Providing an alternative to guardianship
In everyday life, the concept of Supported Decision-Making (SDM) could describe the process by which the majority of people make decisions — by consulting with friends, family, social networks, and community supports to weigh the pros and cons of a decision, to review potential outcomes, and, in the end, to finally make a choice. That is, we all use supports of some kind in our decision-making.
The formal practice of Supported Decision-Making has increasingly emerged as an alternative option to guardianship, placing a person with an intellectual or developmental disability at the center of the decision-making process, and providing them with the type of support they need in order to make and implement their decisions and weigh all the alternatives and consequences that may flow from a decision or even a lack of a decision.
SDM may take many forms — and an individual will need to choose a trusted person or network to support them in whatever way(s) they need – which can be an informal decision-making network of support to a formal contract or agreement with their supporter (called a Supported Decision-Making Agreement or SDMA). Whatever the format, SDM practice should strive to provide a structure that will ensure that a person has full support and protections for their needs, along with the ability to make the decisions that affect their life – to provide them with maximal autonomy in the least restrictive way suitable to their needs.
American Bar Association (ABA) PRACTICAL Tool
The American Bar Association (ABA) advocates for less restrictive alternatives to guardianship, and the ABA’s Commission on Law and Aging has created a PRACTICAL Tool as a guide for lawyers to identify and implement decision-making options (Supported Decision Making or SDM) for persons with disabilities that are less restrictive than guardianship.
The PRACTICAL Tool presumes that less restrictive options such as the use of health care proxy, a power of attorney, an advance directive, or a trust may be utilized instead of guardianship, and that any areas of specific concern(s) for a person be identified and then determined if they can be met.
A matter of concern is typically related to issues like money management, health care, independent community living, personal safety (avoiding danger and abuse), maintaining good relationships, and the ability to understand important legal documents such as a lease or employment contract.
The tool will also consider if a concern can be addressed (or perhaps has already been partially addressed) by family or by connecting to a community resource network.
If a legal agent or surrogate is appointed (for example, under a health care proxy, a POA or trust, it should be in accordance with the person’s preferences.
Project Guardianship Advocacy
There is a great need for a better and more equitable guardianship system in New York State and across the country.

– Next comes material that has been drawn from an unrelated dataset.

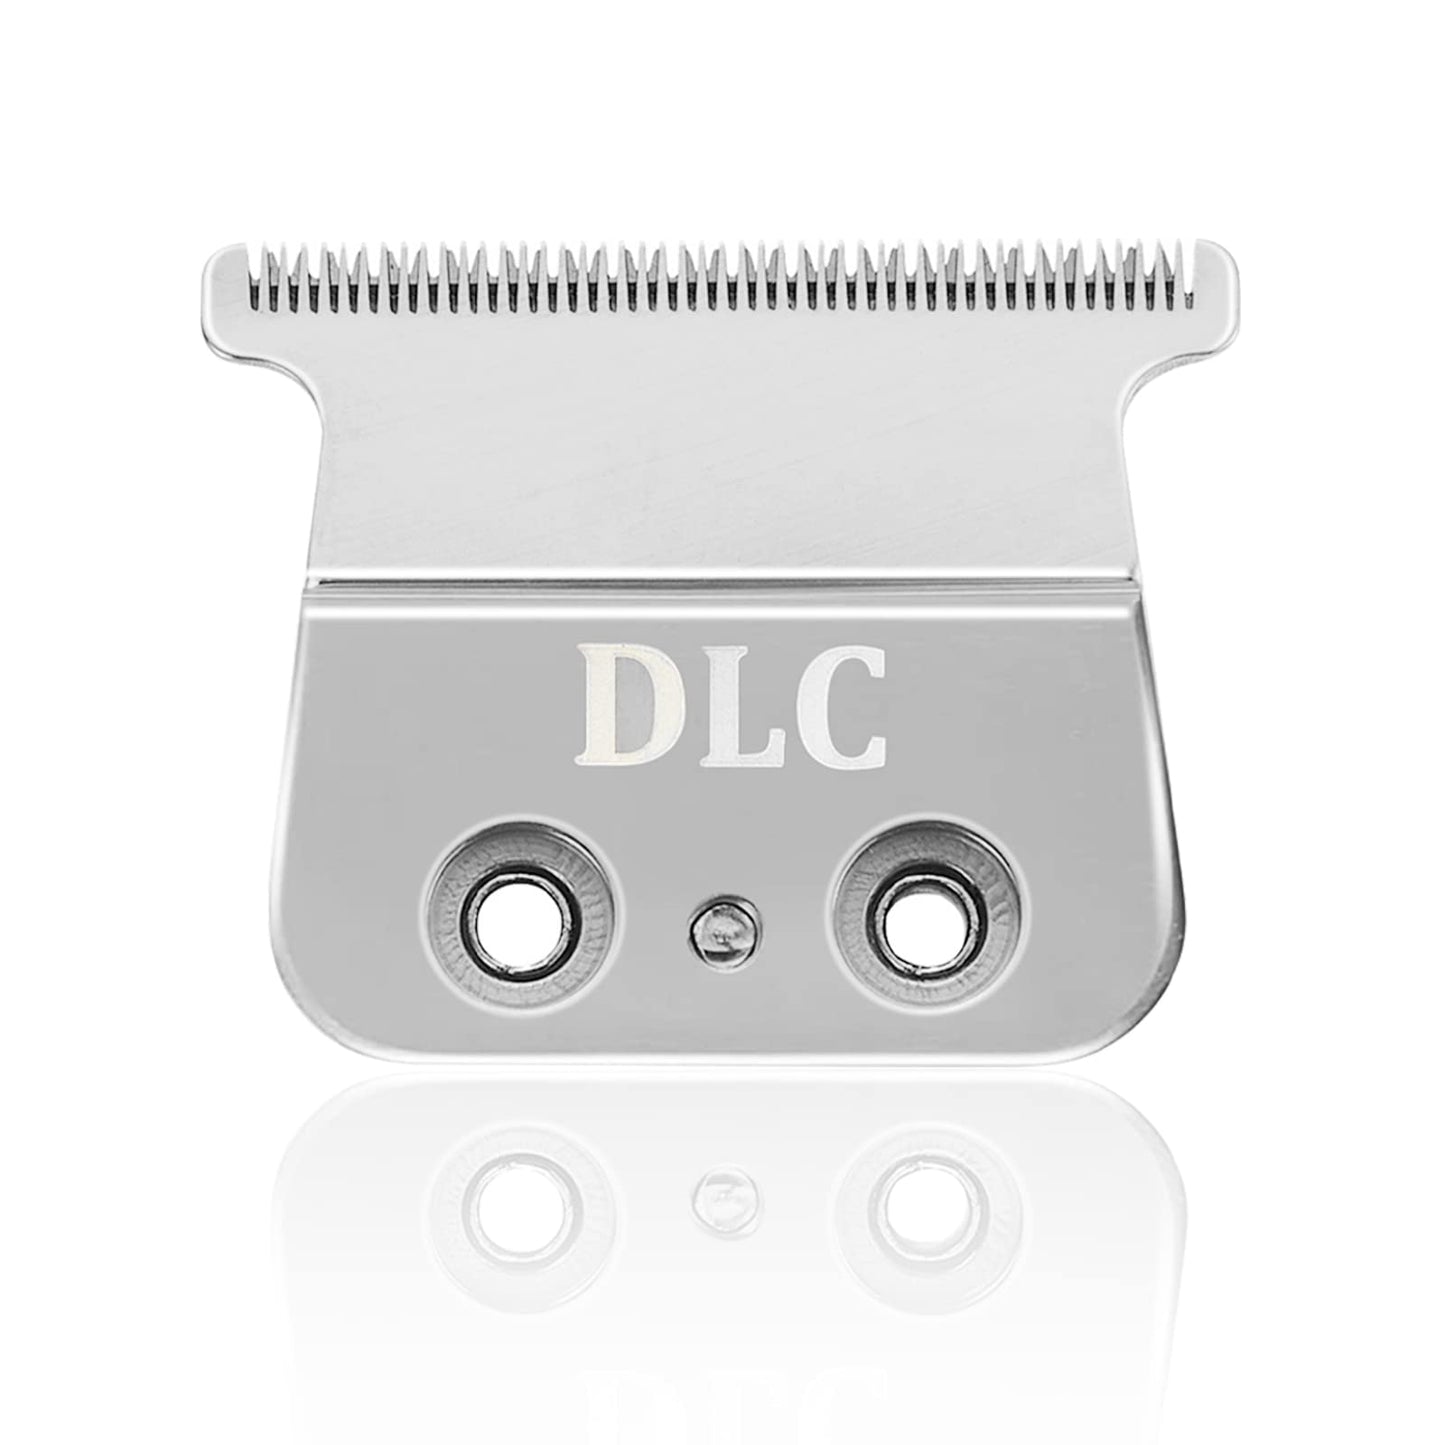 FX707Z Replacement DLC 2.0 Trimmer Blade Compatible with Babyliss FX787 & FX726 Trimmer,Compatible with Babyliss DLC 2.0 Trimmer Blade,Silver Visit the Audoc Store

Nonetheless, guardianship is an intervention that protects individuals in need of protection, but also infringes upon their individual rights and self-determination.
Therefore, less restrictive options such as creation of a healthcare proxy and practices such as Supported Decision-Making tools and protocols, for persons with an intellectual or developmental disability, should always be considered first as an alternative to a more restrictive options such as guardianship for an individual’s care planning.
The utilization of these tools and instruments should be supported in populations and communities that in the past have been underserved and without access to these alternatives, including low-income communities and communities of color.
We therefore advocate for the appointment of a guardian as a last resort, and that the guardianship order be limited to only those areas in which the individual needs decision-making assistance and care oversight.